* **The data**
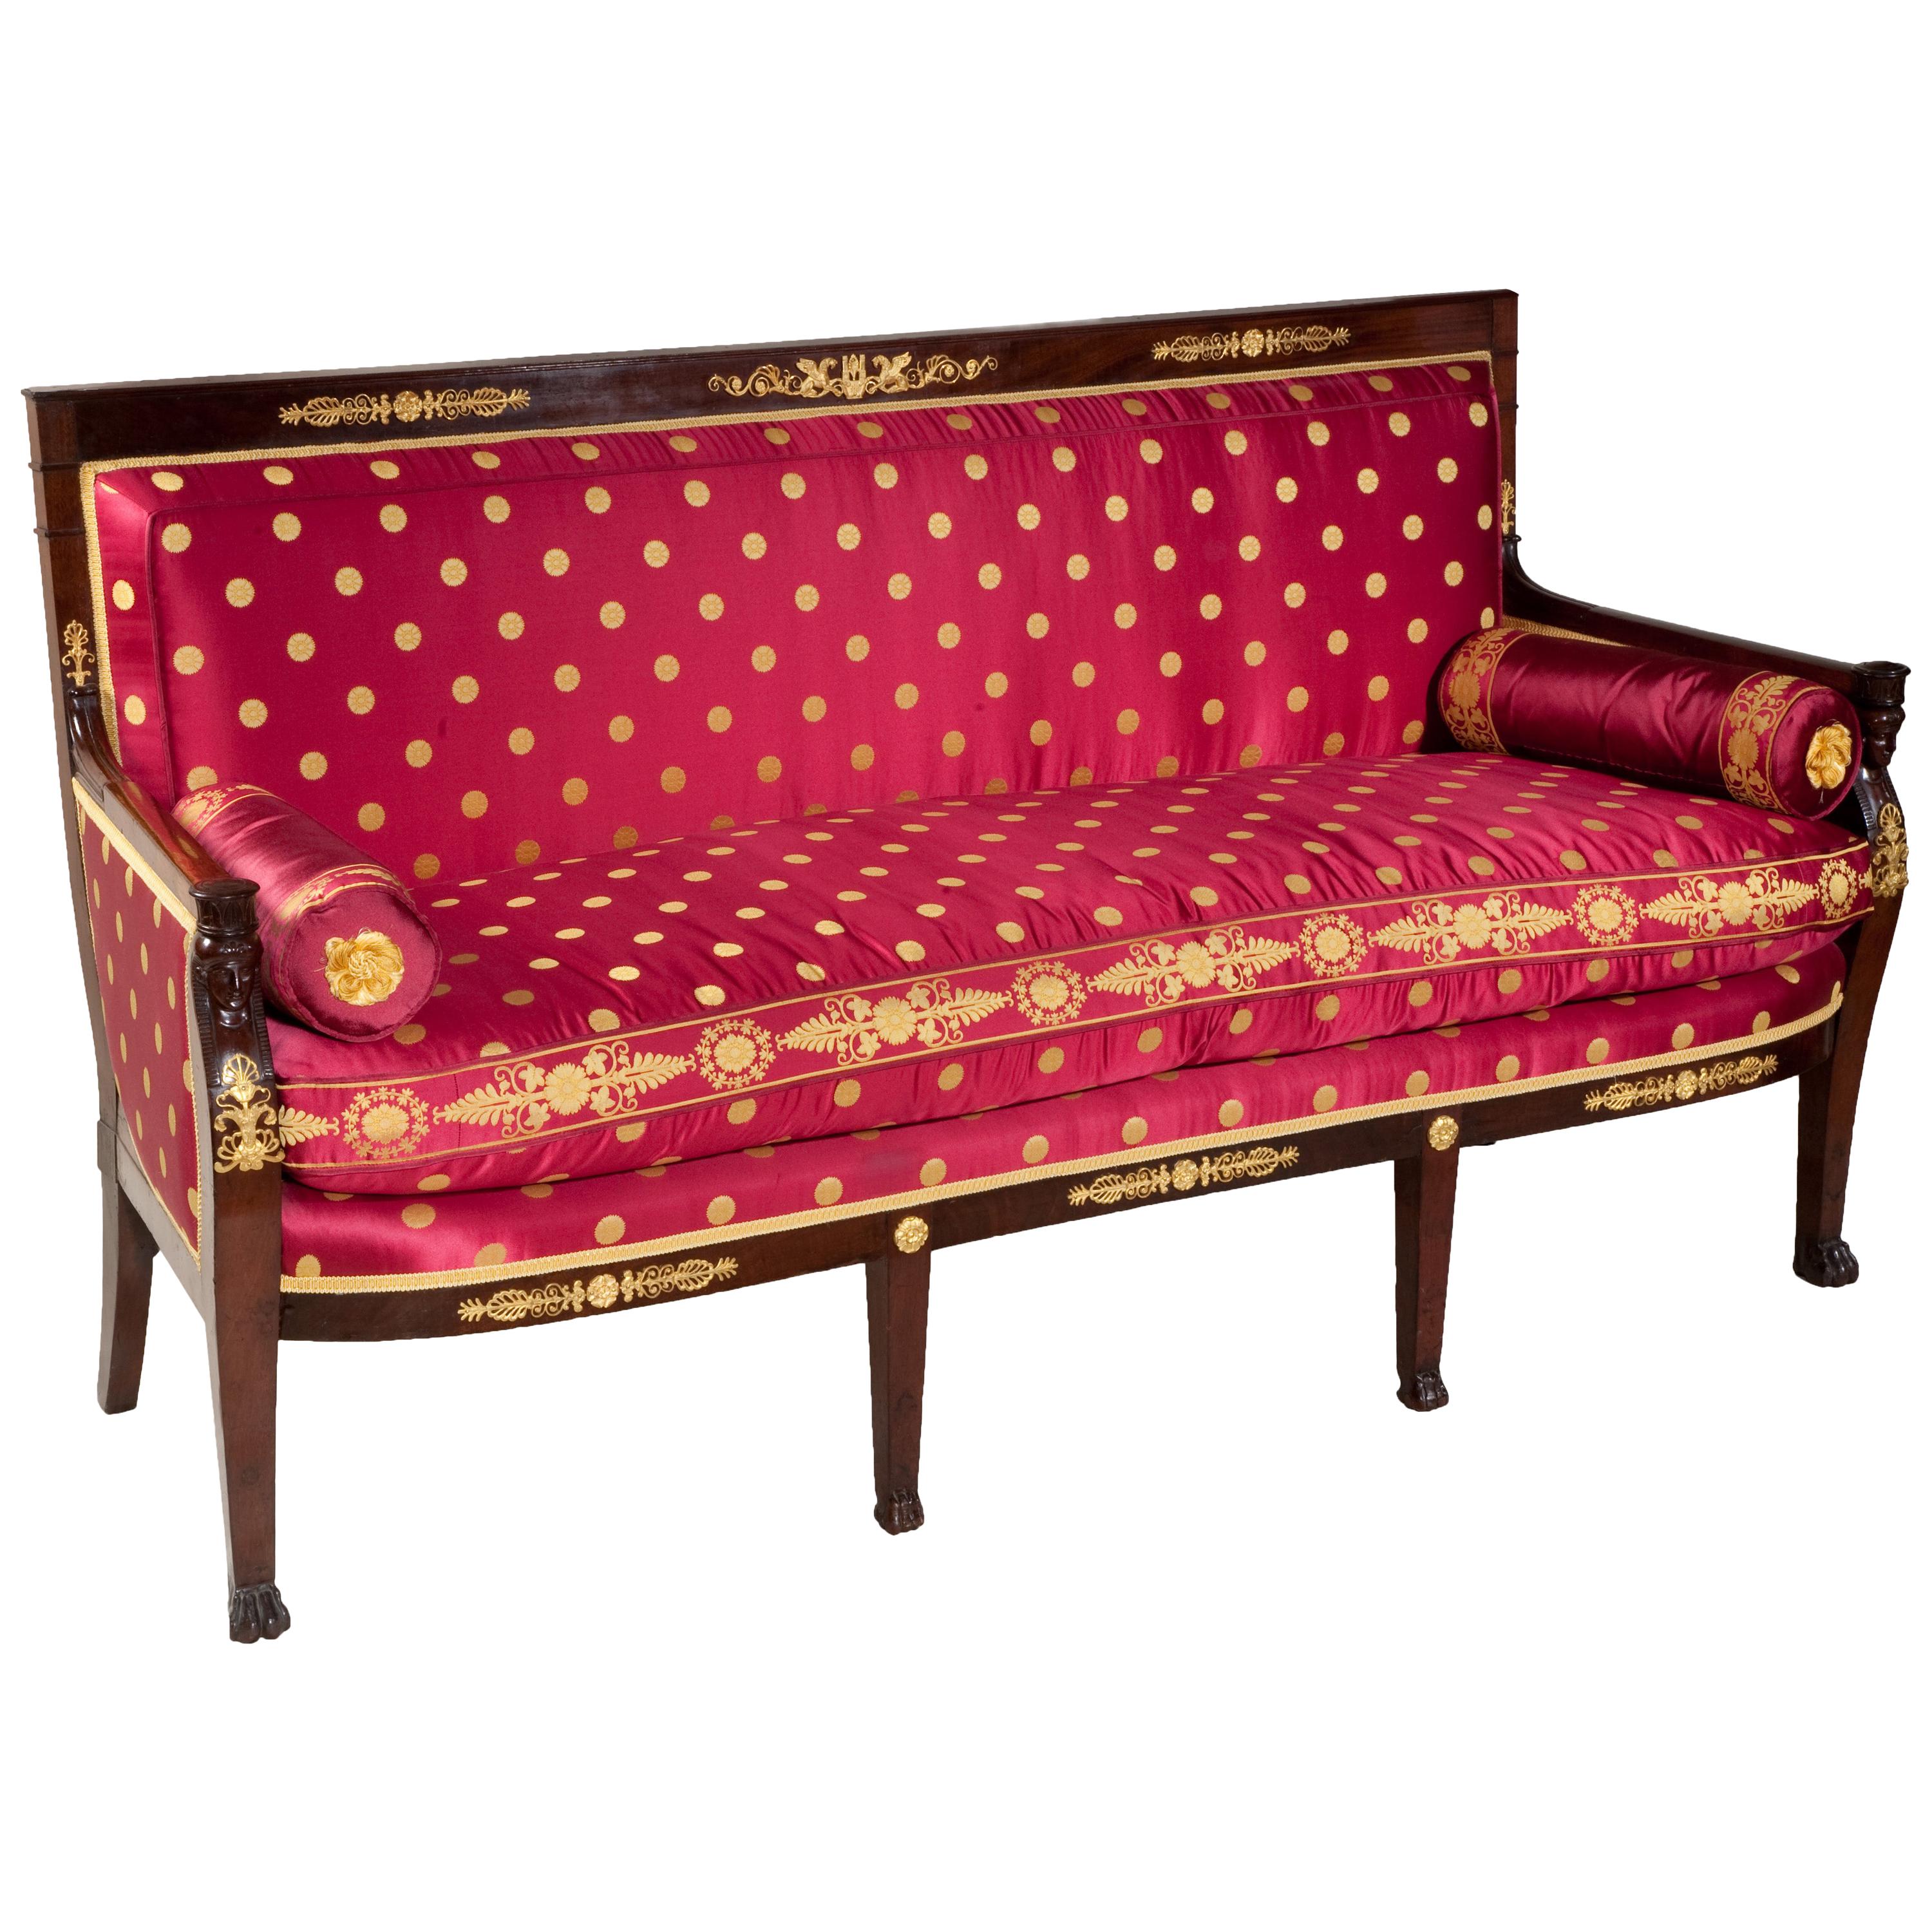 Period French Empire Settee in Red Silk Damask Attributed to Jacob
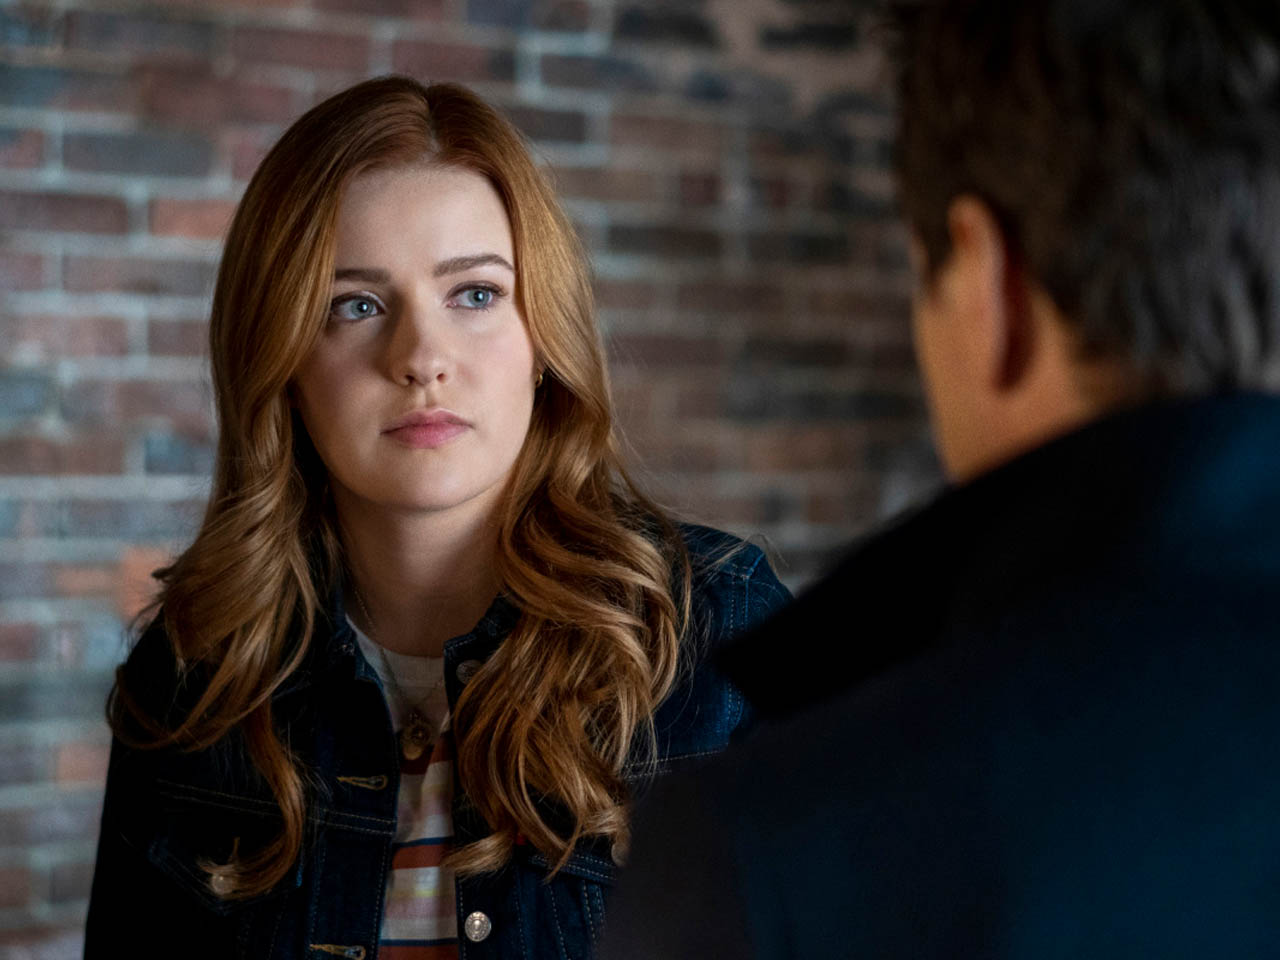 Nancy Drew episode photos show a new mystery has arrived The Nerdy
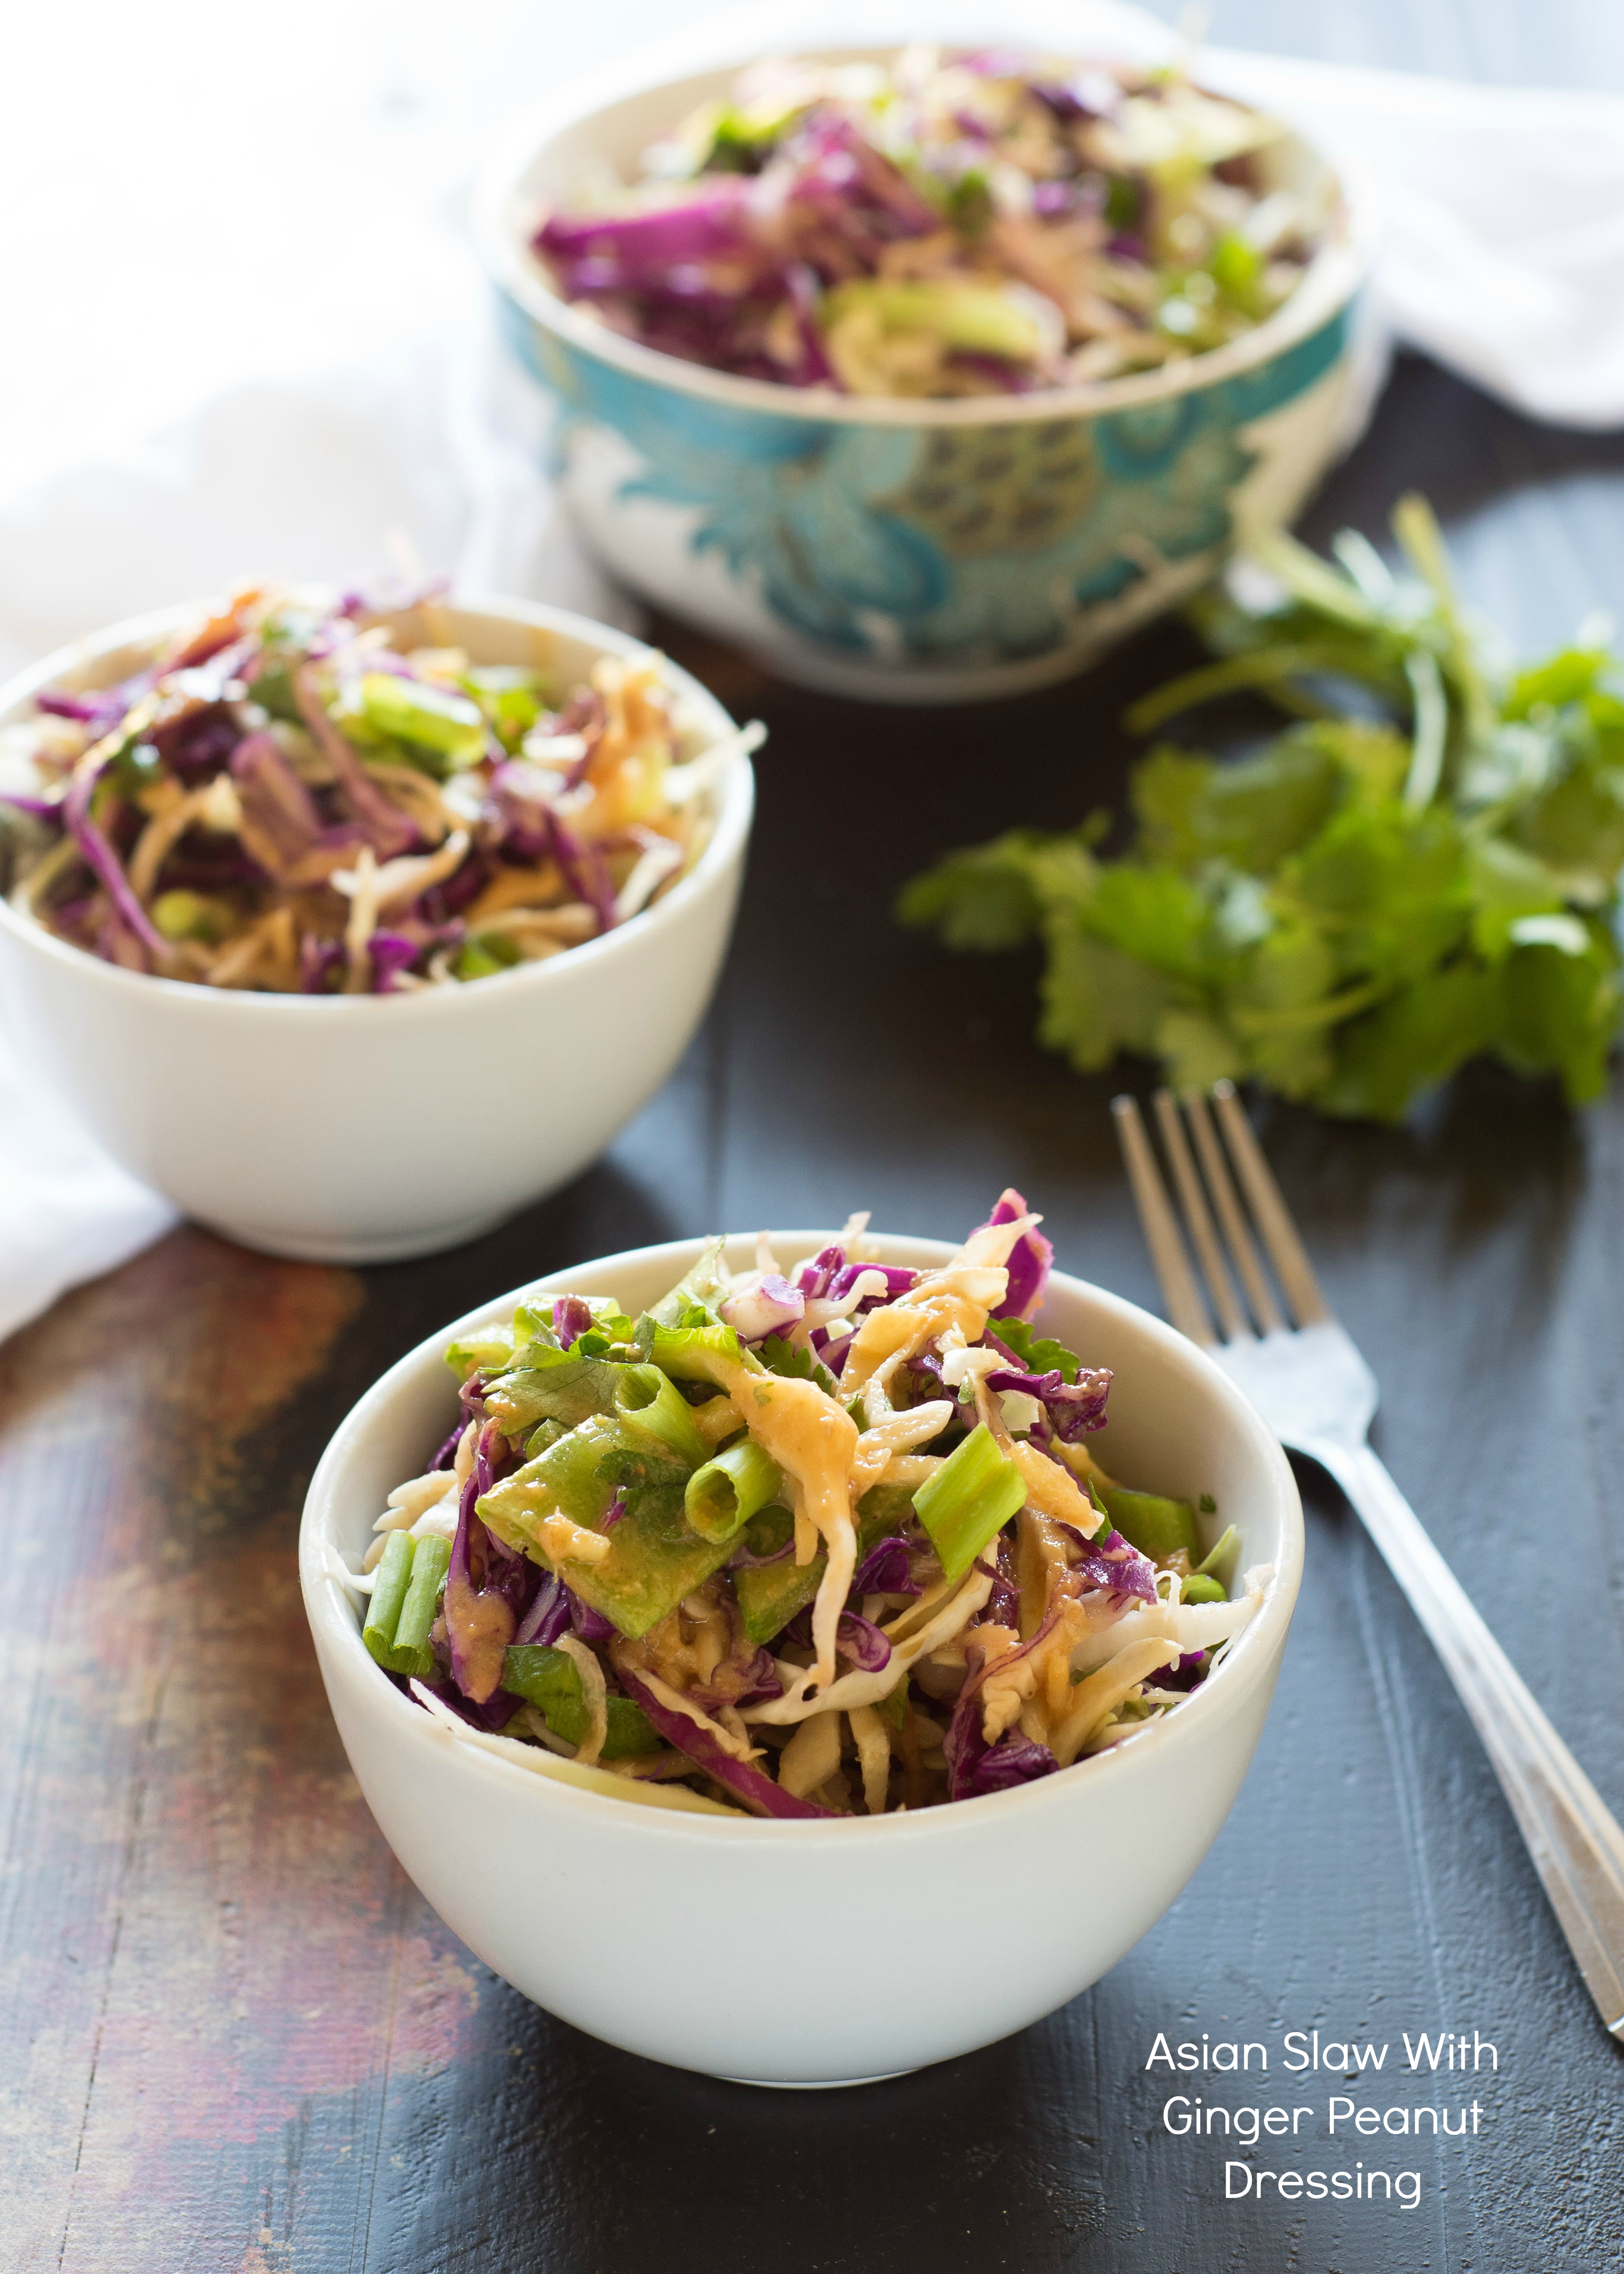 Asian Slaw With Ginger Peanut Dressing- this slaw packs a ton of flavor with the soy ginger peanut dressing. You will love it! | Nutritious Eats

* **What is required**
Without the pictures, repeat the listing above exactly.

* **Answer box**
 Period French Empire Settee in Red Silk Damask Attributed to Jacob
 Nancy Drew episode photos show a new mystery has arrived The Nerdy
 Asian Slaw With Ginger Peanut Dressing- this slaw packs a ton of flavor with the soy ginger peanut dressing. You will love it! | Nutritious Eats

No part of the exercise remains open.